Provided material:
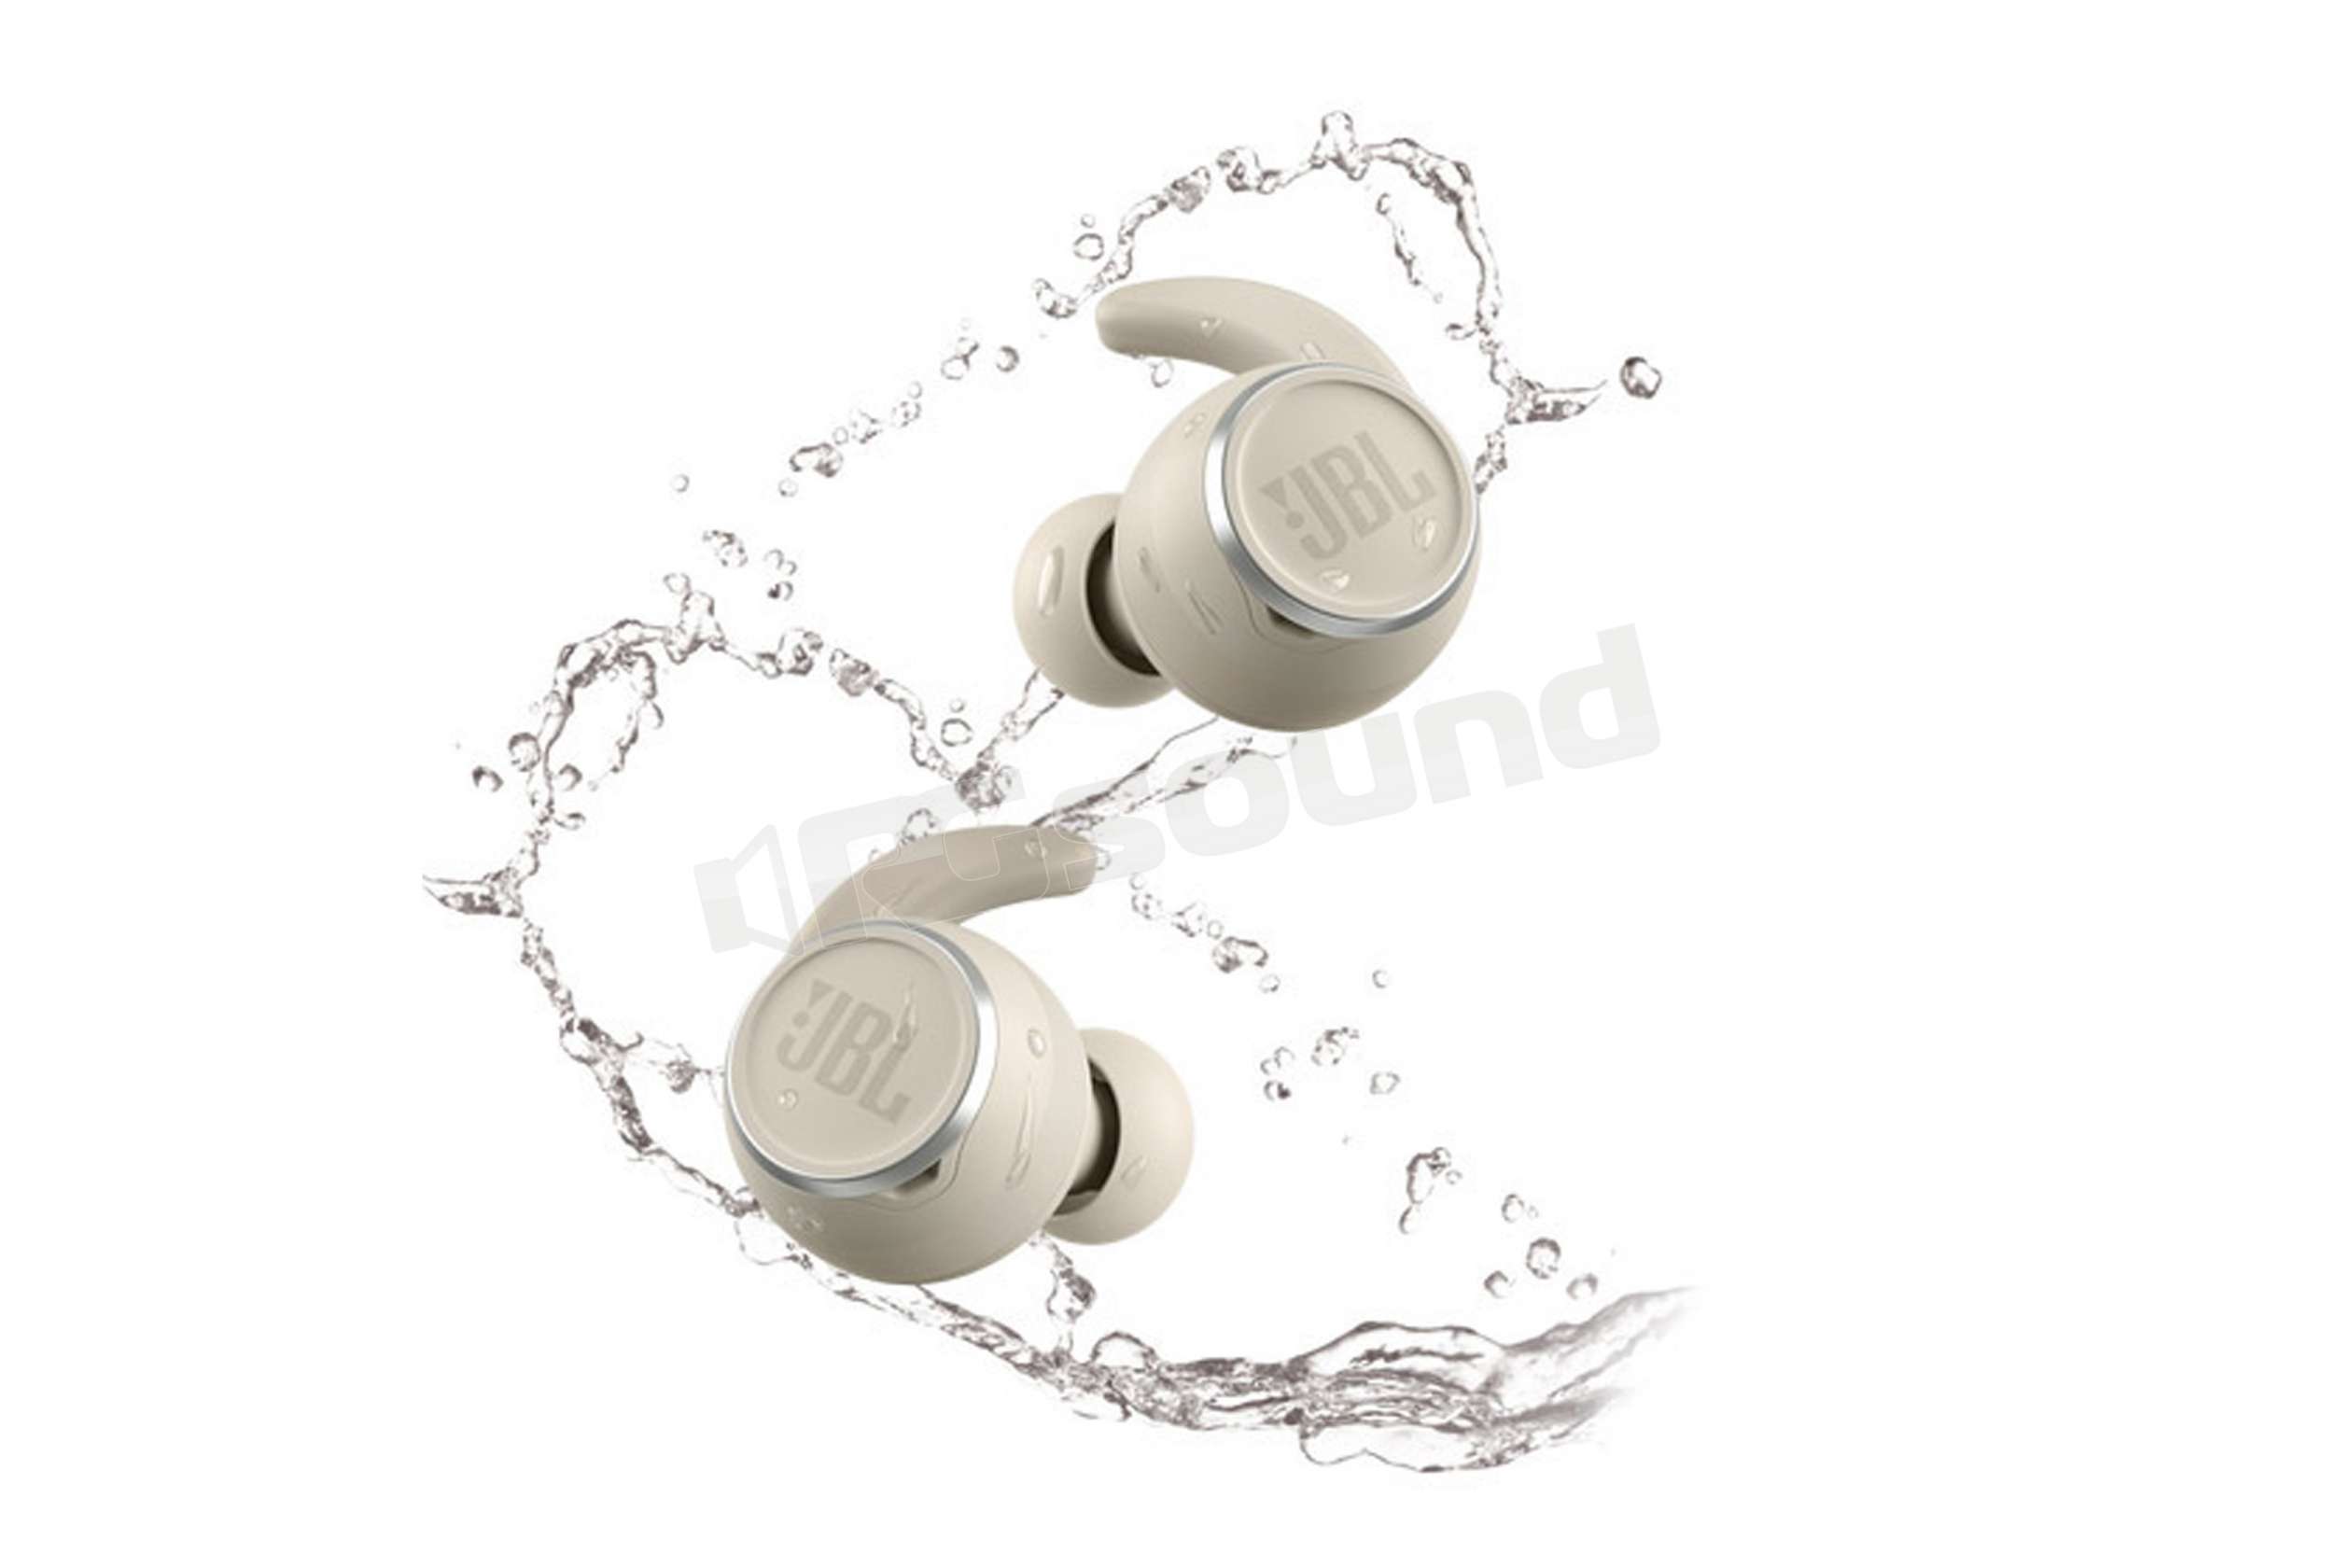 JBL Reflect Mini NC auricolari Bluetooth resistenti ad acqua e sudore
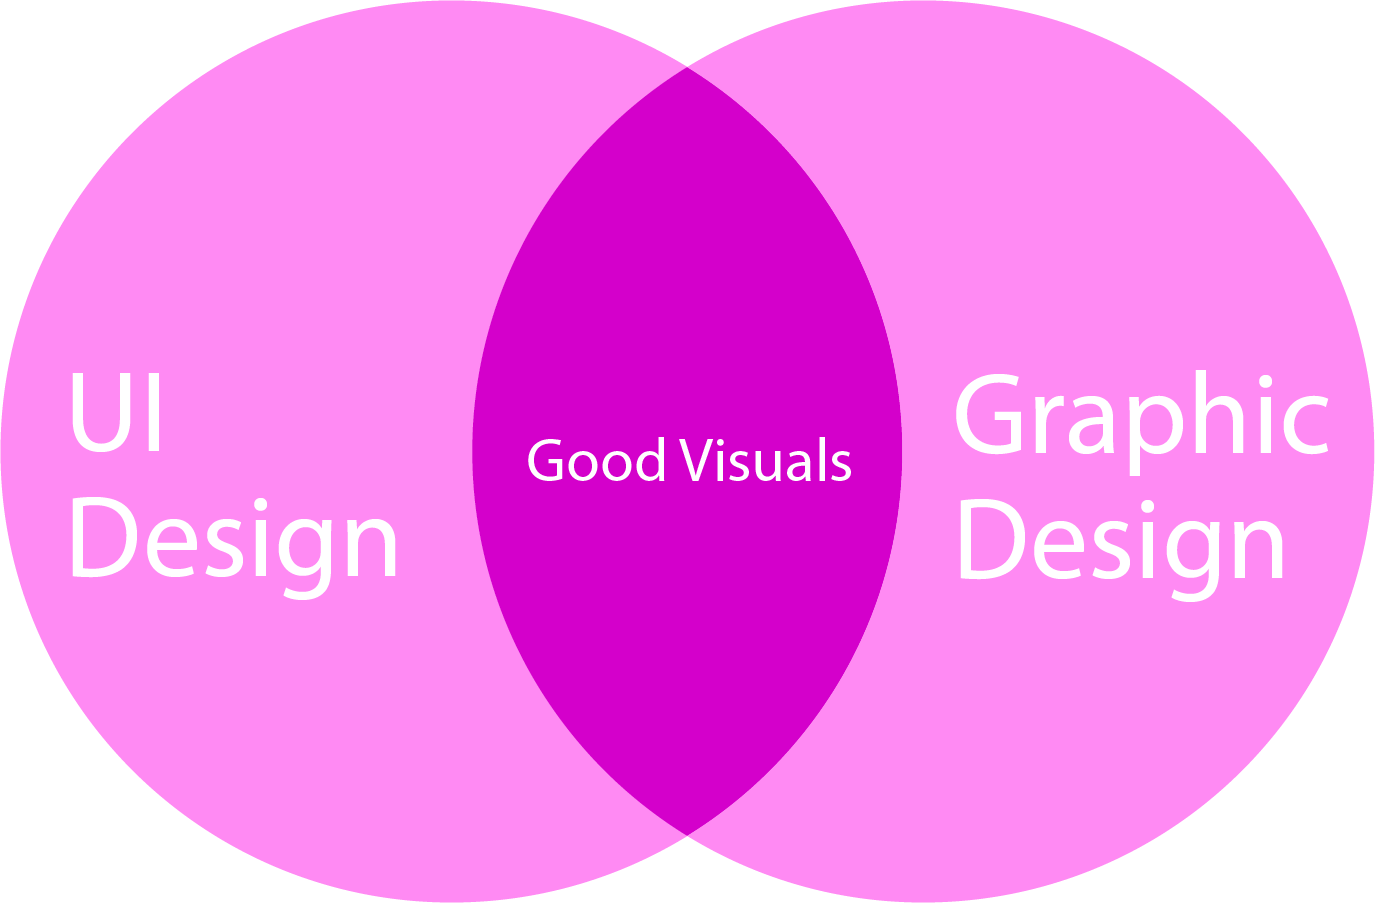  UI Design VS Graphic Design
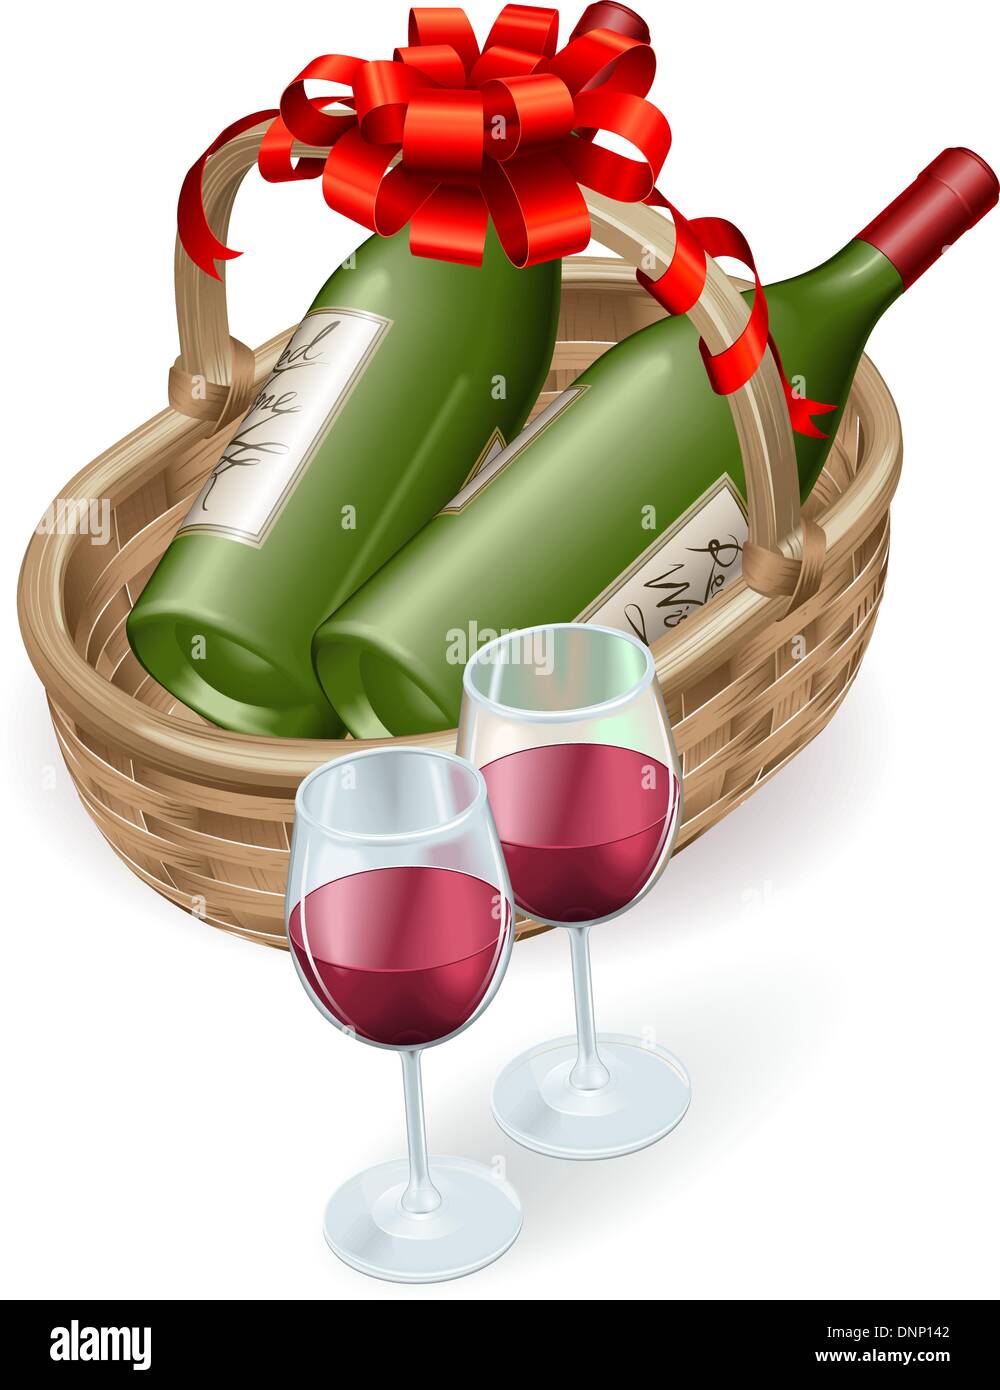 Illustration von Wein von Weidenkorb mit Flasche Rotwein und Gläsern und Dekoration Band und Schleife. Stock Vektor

Exercise aim: Wherever a picture appears in the material above, skip it and copy the rest without change.

Solution for this problem:
 JBL Reflect Mini NC auricolari Bluetooth resistenti ad acqua e sudore
  UI Design VS Graphic Design
 Illustration von Wein von Weidenkorb mit Flasche Rotwein und Gläsern und Dekoration Band und Schleife. Stock Vektor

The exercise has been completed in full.